About 8 months ago now, my husband and I were very excited to buy a home, one that was big enough to house the children. We had been searching for the perfect house for months, had put an offer in on another house that fell through when the inspection revealed fatal flaws in the old place… but this one was all shiny and newly renovated and the only minor flaw was that it didn’t have a fourth bedroom to use as office/guest bedroom. No problem, I thought. I’ll make the dining room into my office. We can put the First Reader in our (very large) master bedroom so he has the quiet he needs, but I’ll be out in the public spaces so the kids stop invading our bedroom all the time to talk to me.

Right. So that was a tactical error, as I am certain any parents reading along have already realized. But then, I compounded it. See, at work we’ve been transitioning folks into standing desks – cool ones you can raise or lower depending on what you need at the time.
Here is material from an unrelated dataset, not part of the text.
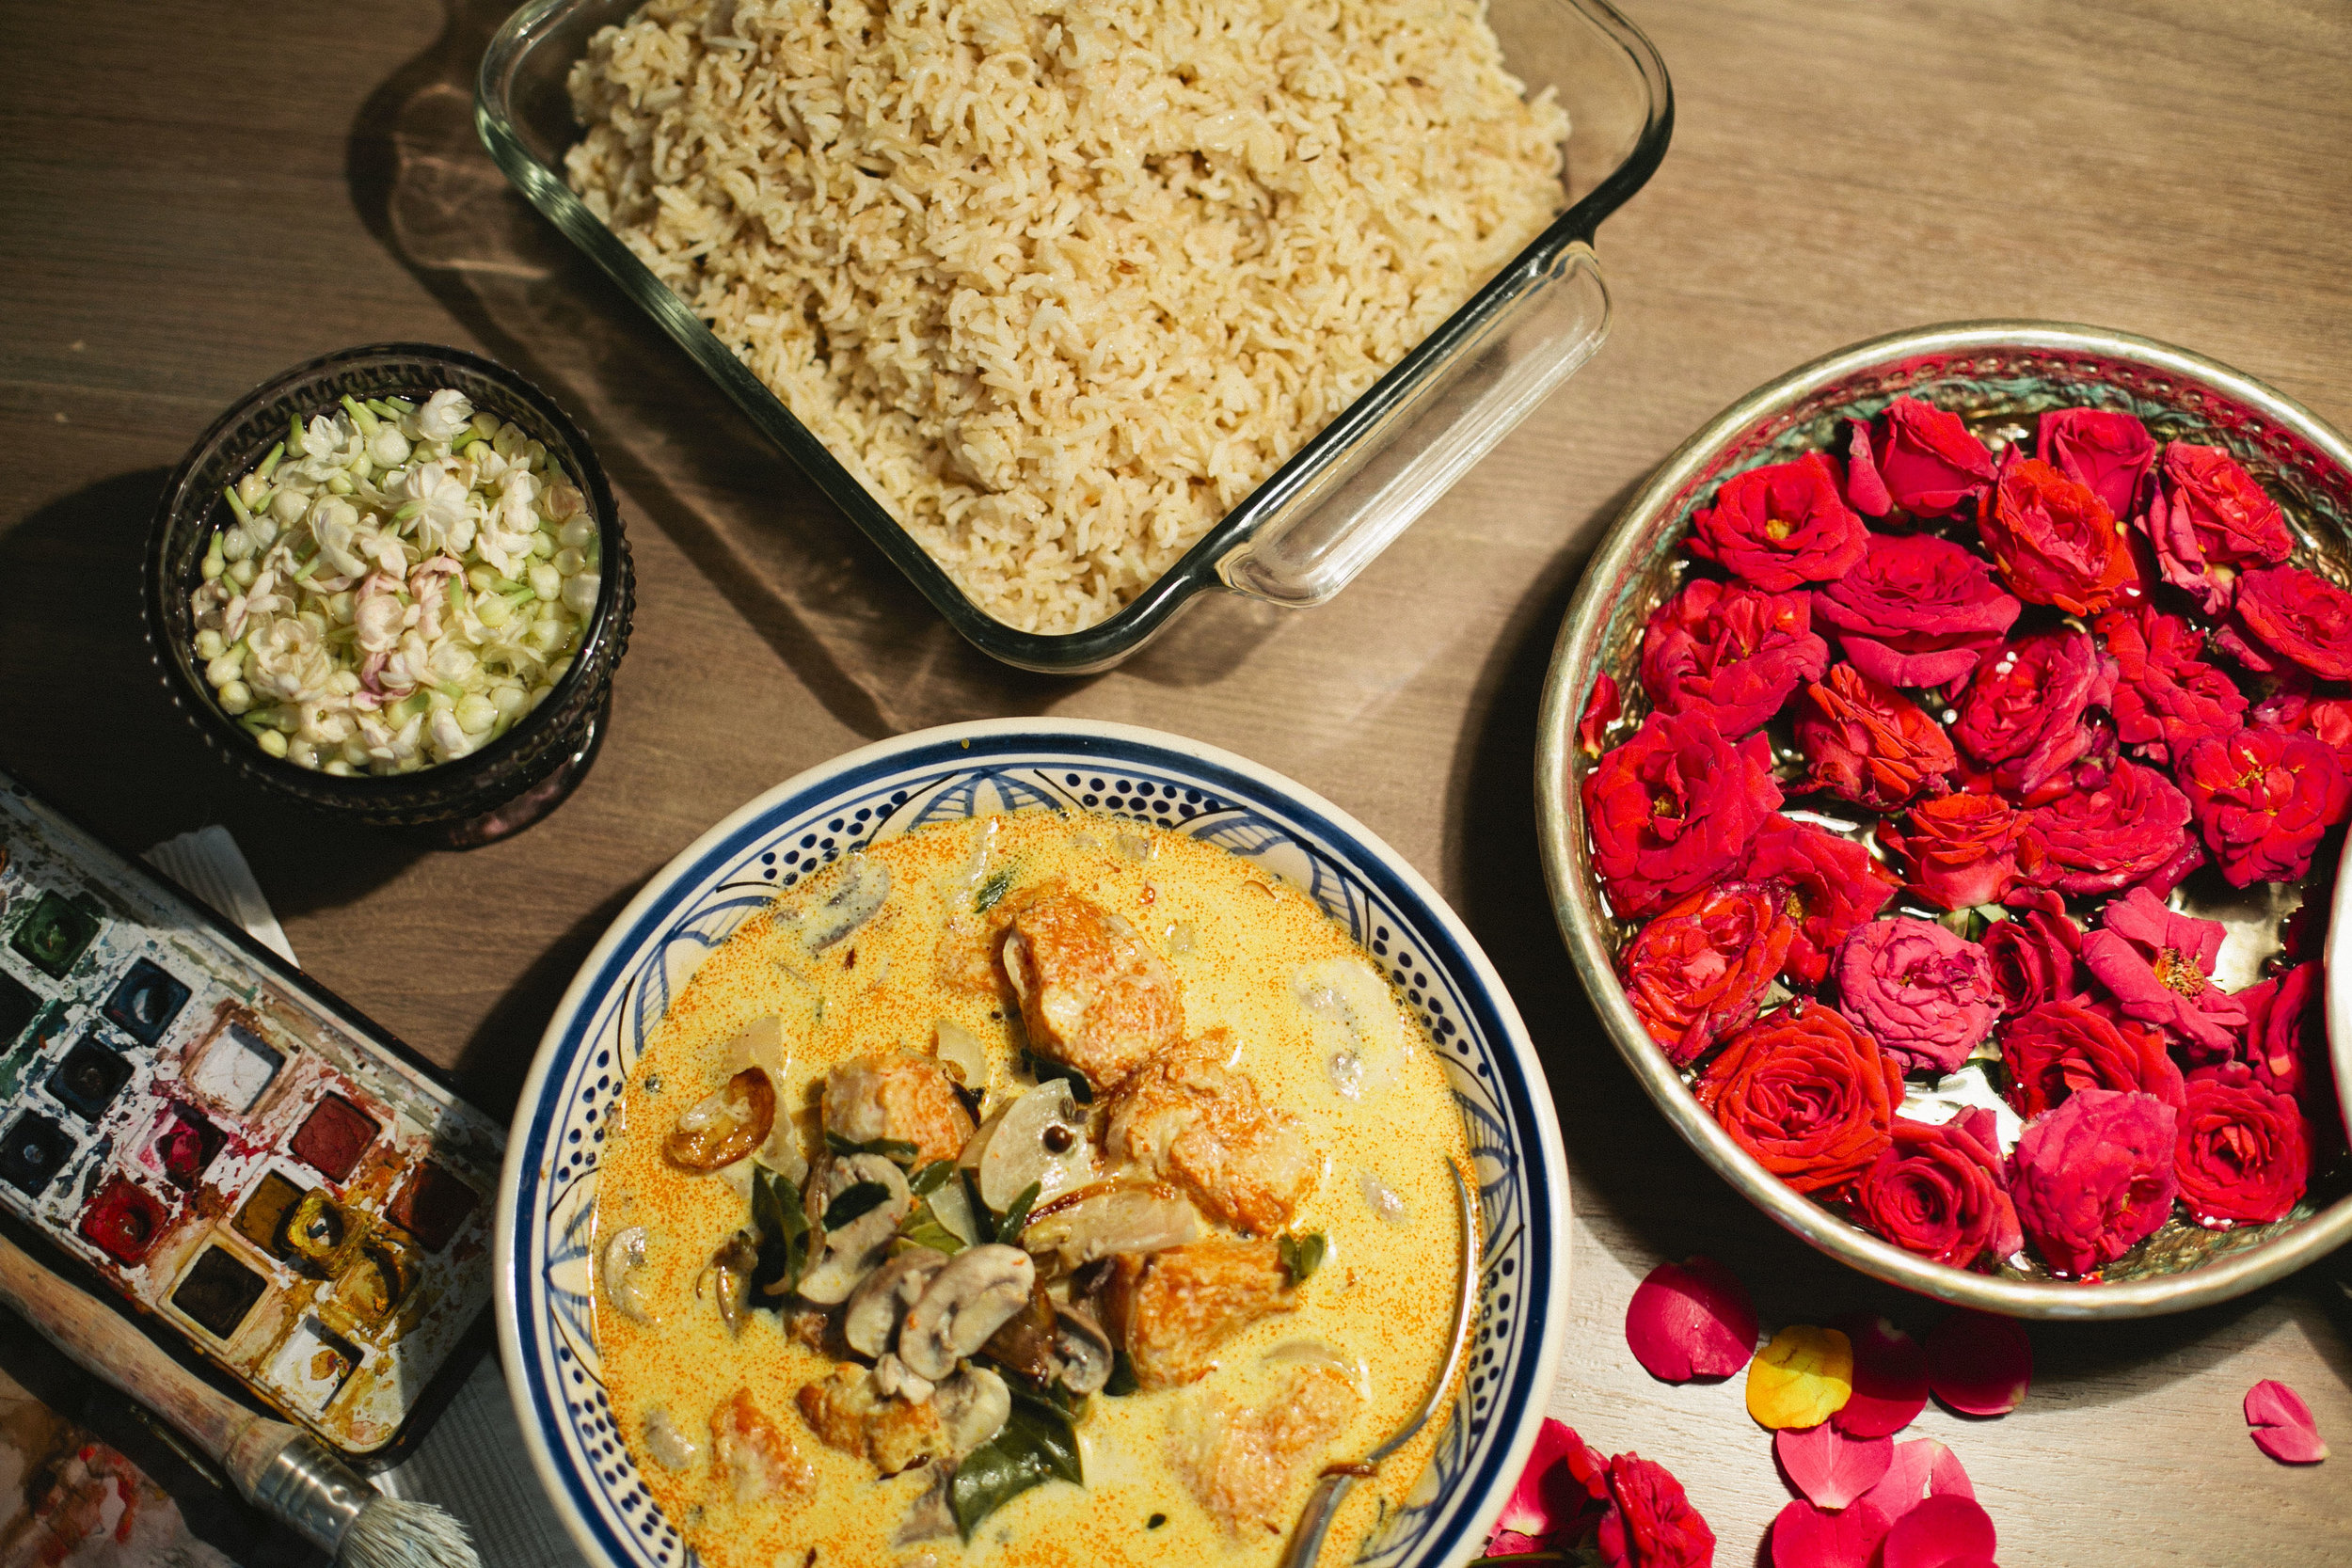 Shilo Suleman and Avijit Michael make fish stew | #1000Kitchens

I looked at the price of one, shook my head, and went looking for cheaper options. I allowed myself to be seduced with the idea of a counter-height desk with a drafting table top. I could sit at it in a tall task chair, I could slant the writing surface to use it for art, I could mount the monitors (I currently work with two) on adjustable arms. So in theory, it could be used for standing work, sitting, art, writing… Yeah. I think you’re already ahead of me here.
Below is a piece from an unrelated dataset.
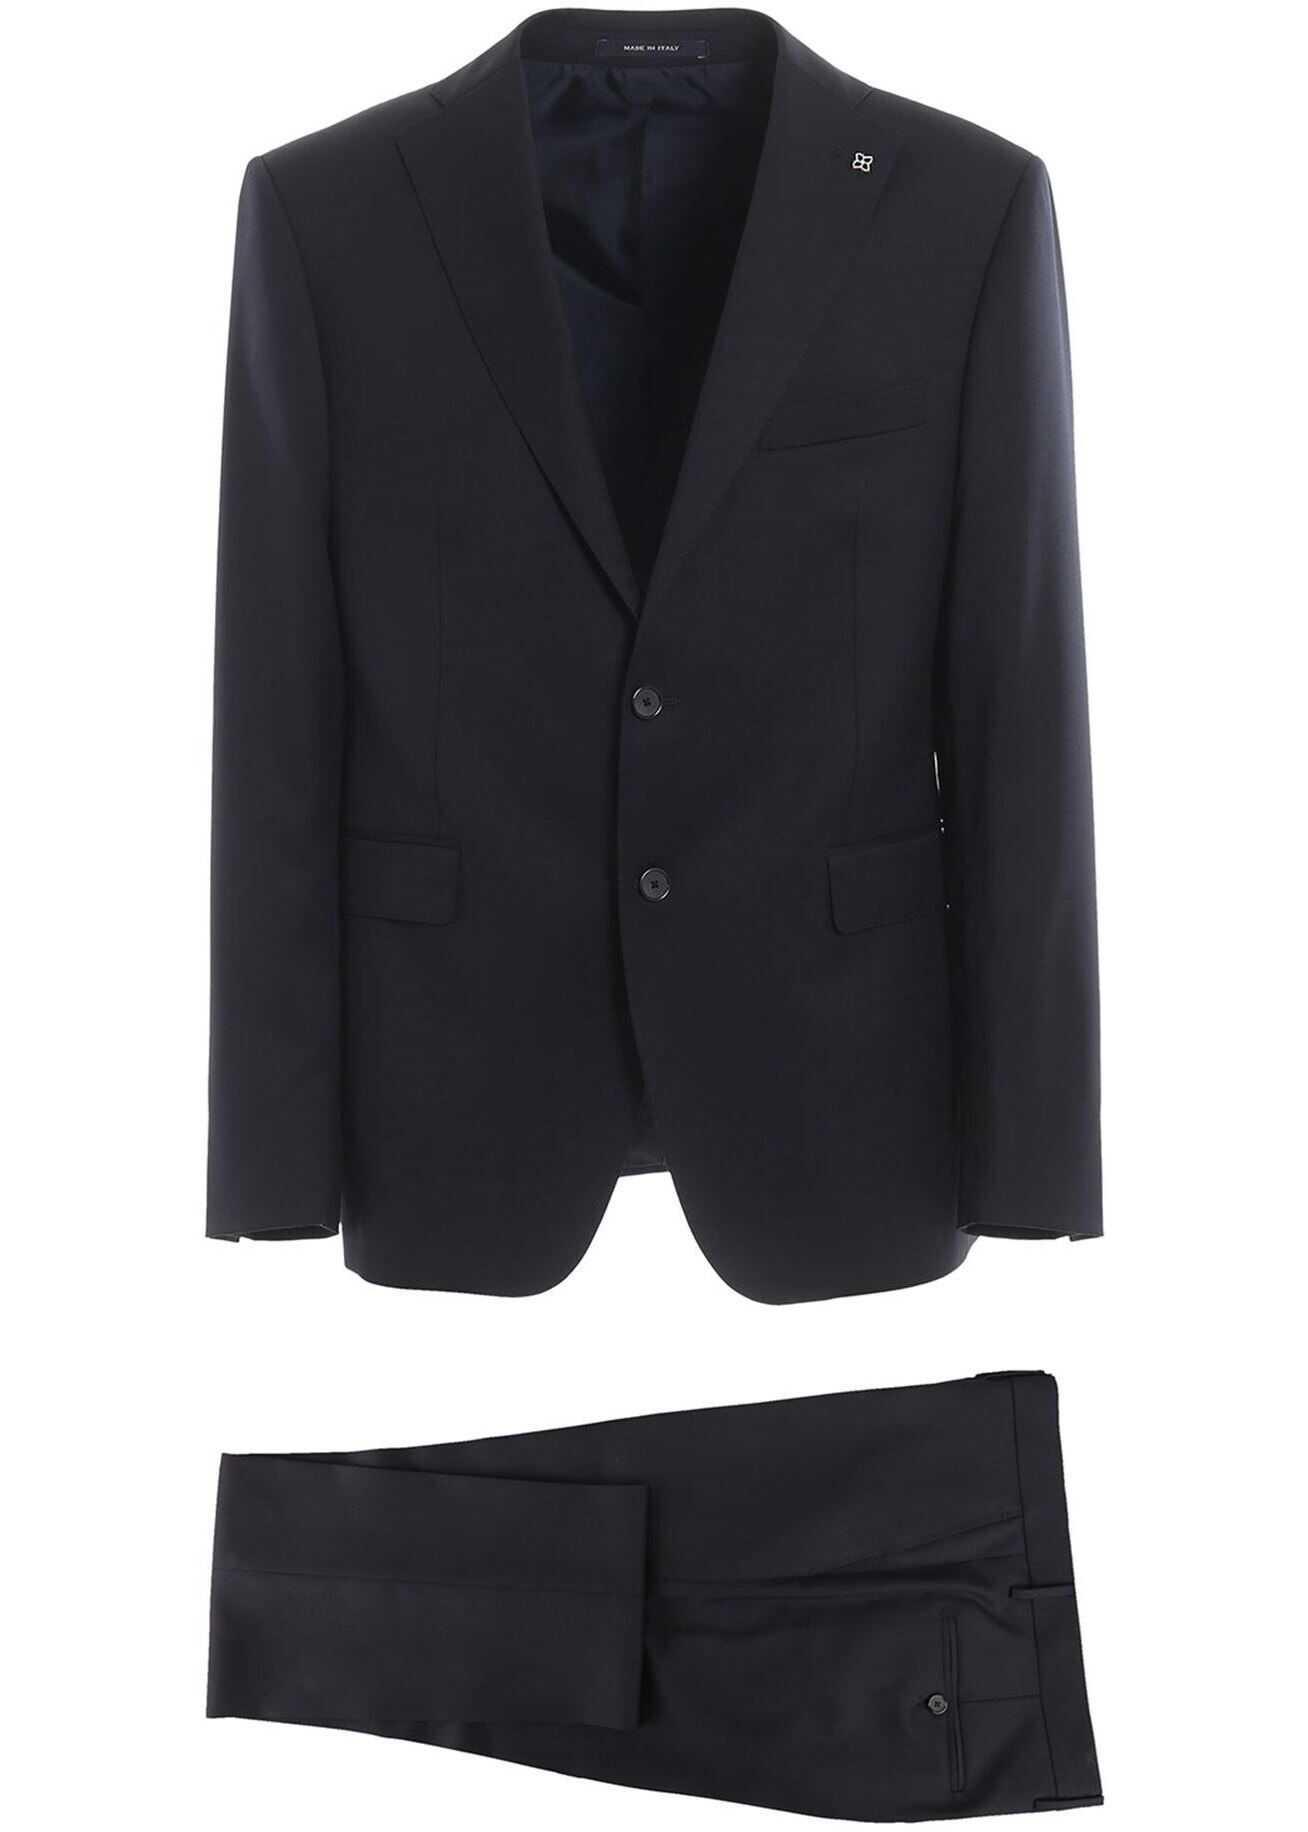 Tagliatore Super 110'S Virgin Wool Two-Piece Suit In Blue Blue imagine

About six months into this whole experiment, I was very painfully aware it was Not Working for me as a writer (or an artist, but that’s a different story). It’s not just the sit/stand desk that isn’t quite the right height for either (I’m short. The task chair I bought gives me no back support because little Hobbit legs, unless I sit crosslegged on it, which I do, but then I have other issues). The big problem is that I can’t get away from the hubbub of daily life going on around me. I dearly love all of my teens, I really do. I treasure the times I get to spend with them as they are nearing the day when they will fly the nest and I’ll sit here lonely staring at my phone awaiting their call. Ahem. It’s not that I want to be… oh, heck. I’m excited about becoming an empty nester. But in the meantime, my little (note: they are all taller than I am now) monsters need me. And they try to tiptoe around when they know I’m writing, and that might possibly be worse than walking up and starting to talk to me about their favorite Twitch streamer (don’t ask. I have no idea).

So I discovered the only real way I could write was to retreat into my bedroom, to the armchair by the fireplace next to my husband’s desk, and use a little tray table I bought for crafting as a writing surface for my tablet and keyboard. Essentially, my travel writing setup had become my all-the-time setup. And this still had flaws. For one, the height was still wrong for my hands versus the keyboard. The ergonomics were bad. So… it went on. I wrote less and less and struggled with time for writing and because it hurt, wasn’t wanting to write even when I carved out time.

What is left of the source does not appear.